Von Katja Laska und Belinda Petri
Vom Global Player über kleine Handwerksbetriebe bis zur Eventagentur, seit kurzem sogar eine Brauerei – auf dem fünf Hektar großen Gelände mit den roten Backsteingebäuden hinter der Jülicher Straße erinnert nur noch wenig an die ursprüngliche Nutzung. Allein der Name „Alter Schlachthof“ verrät, was hier im letzten Jahrhundert los war.
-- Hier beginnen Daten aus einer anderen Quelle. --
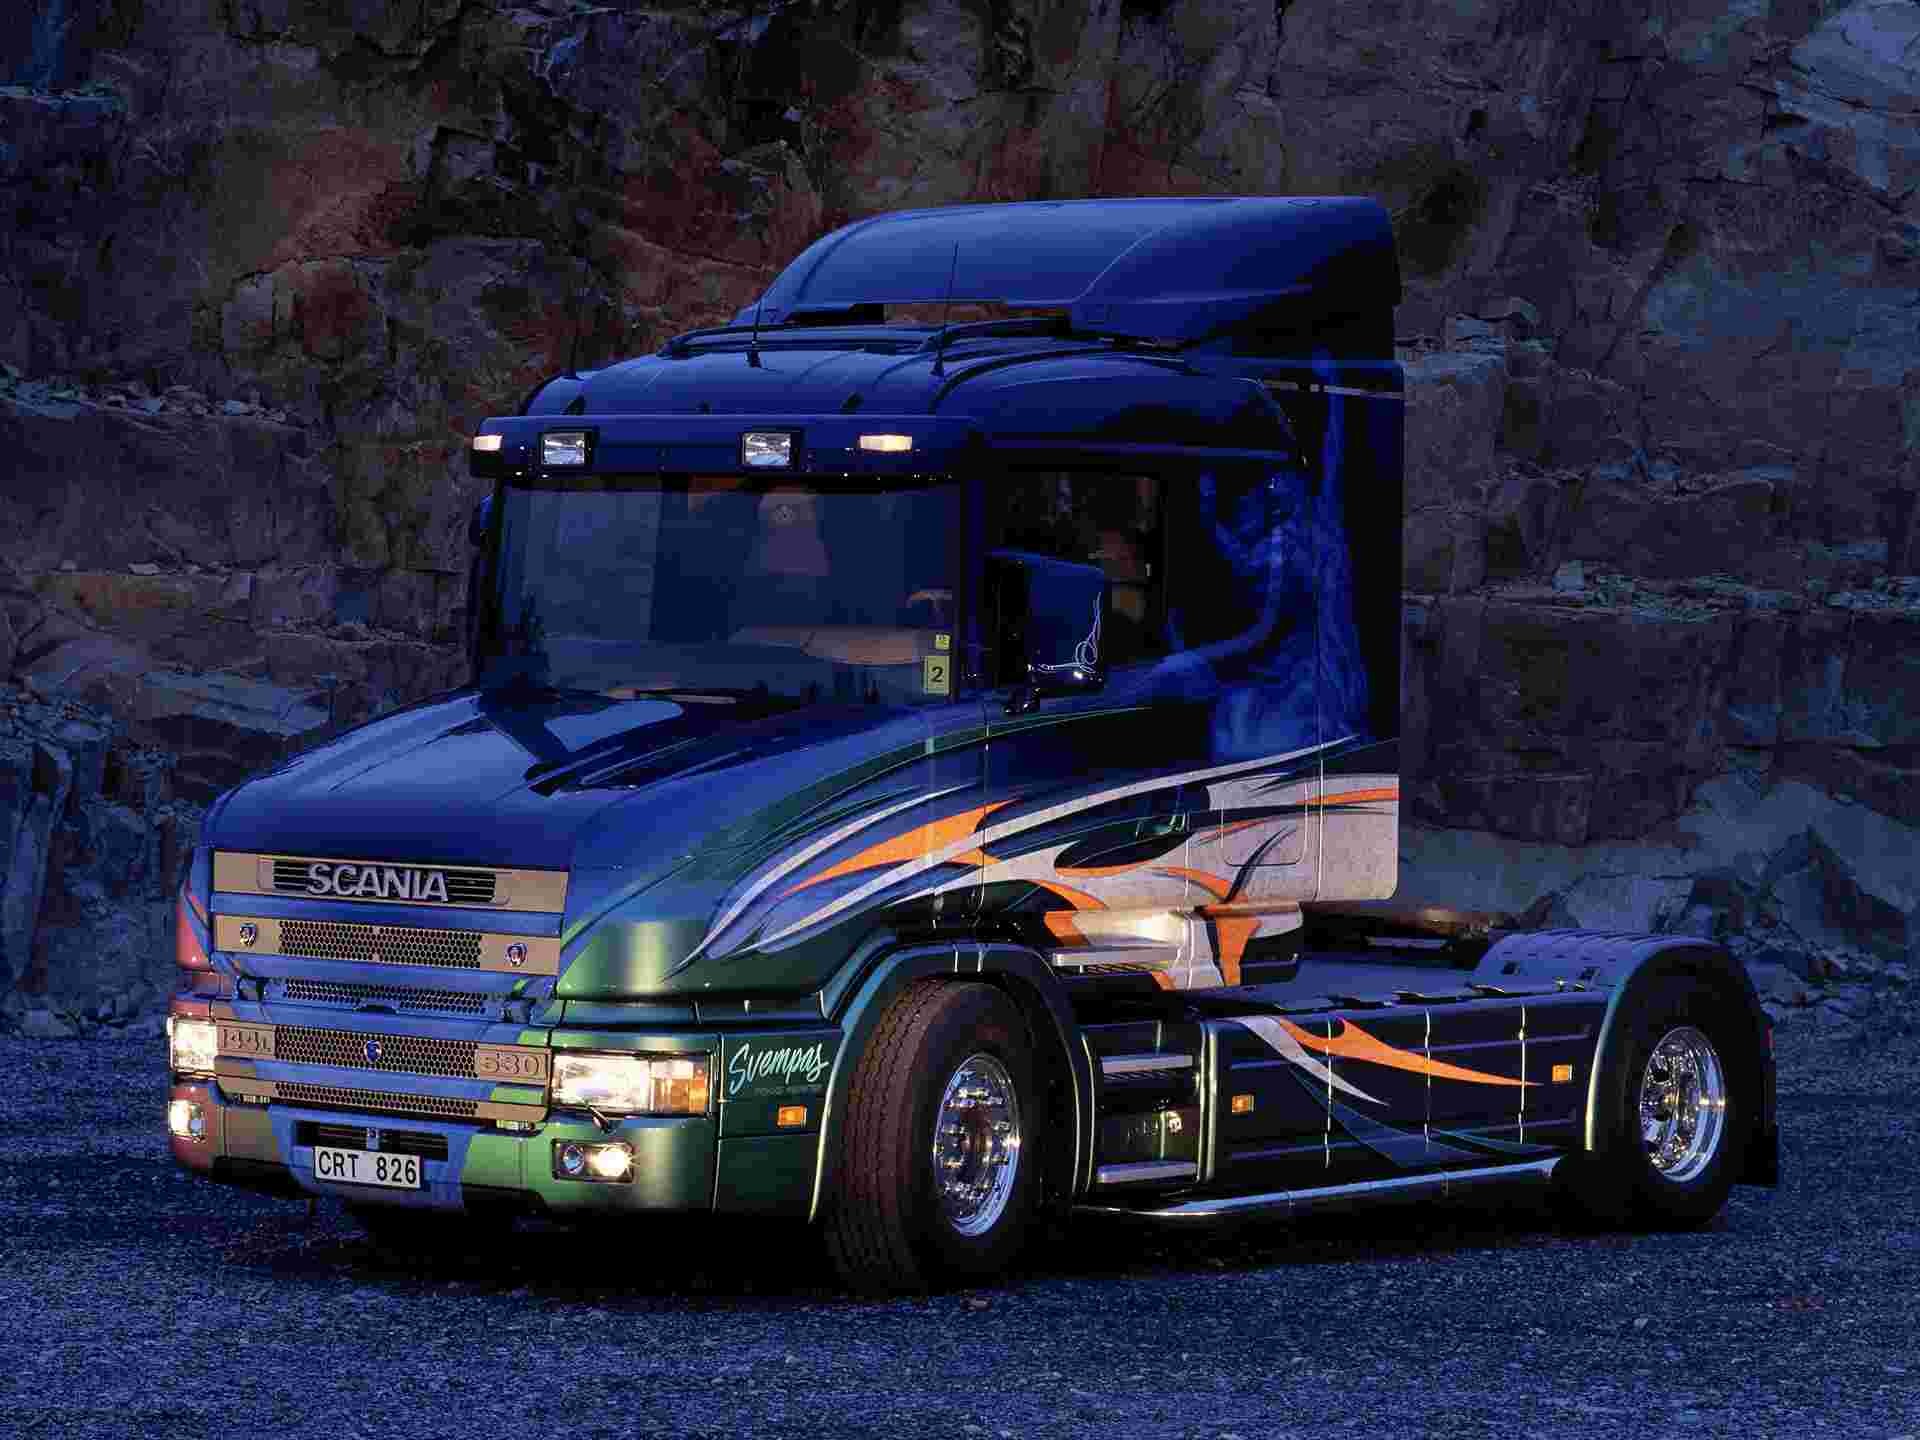 1920x1440 Another Wallpaper of Scania
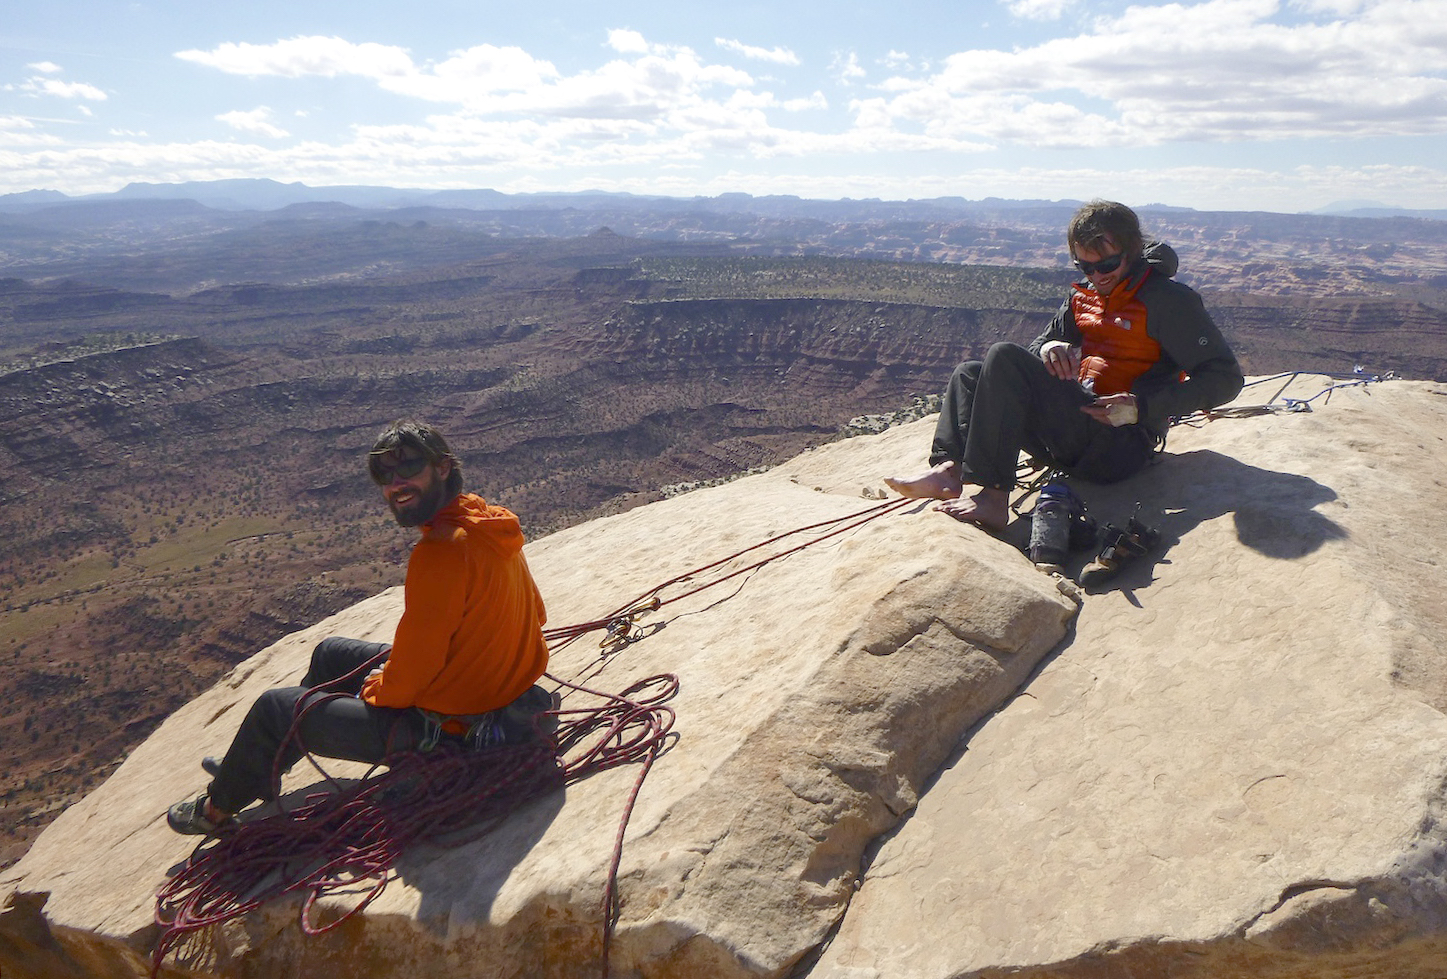 Nathan Martinez and Steve Dilk sit atop North Six Shooter in Indian Creek, Utah, in 2013. The area is now included in Bears Ears National Monument. Canyonlands National Park is in the background. [Photo] Derek Franz

Heute, während sich Supermärkte und Discounter wie Perlen an der Schnur reihen und Lebensmittel immer und überall verfügbar sind, kaum vorstellbar, aber seit der Industrialisierung ein (überlebens-)wichtiger Faktor: Die Versorgung der Stadtbevölkerung mit Fleisch. Die Anfänge der Schlachterei-Geschichte Aachens liegen in der Kockerellstraße, 1841 gab es auch ein Schlachthaus am Lindenplatz. Der zentrale Vieh- und Schlachthof der Stadt entstand Ende des 19. Jahrhunderts allerdings an der Metzgerstraße.
Neuer Platz
Die Gründe? Ganz simpel: Die Innenstadt war für Anlieferungen im großen Stil nicht gut genug ausgebaut, hinzu kamen Lärmbelästigung und natürlich der Gestank. Seit 1894 kamen Groß- und Kleinvieh aus Norddeutschland und dem Ausland in Waggons über die damalige Schienentrasse in Aachens Norden und damit wie die Aachener Volkszeitung zum 60-jährigen Jübiläum des Schlachthofs titelte „Von der Rampe zur Schlachtbank“. Das Areal, das für damalige Verhältnisse sehr modern ausgestattet war – es gab bereits elektrische Beleuchtung – war in zwei Bereiche unterteilt: Die Hallen für Lebendvieh und der Schlachtbetrieb. Rund um die Metzgerstraße befanden sich zwei Schlachthallen, ein Kühlhaus, eine Maschinenhalle sowie Räume für die Herstellung von Klareis und zur eigenen Energieversorgung. Außerdem: eine Kuttlerei und ein Düngerhaus. In den 1920er-Jahren wurde der Schlachthof um die Fleischabholhalle mit Uhrenturm aus Ziegelstein und Beton an der Ecke Metzgerstraße/Feldstraße erweitert, 1935 eröffnete die Aachener Bank am Schlachthof ihre erste Zweigstelle.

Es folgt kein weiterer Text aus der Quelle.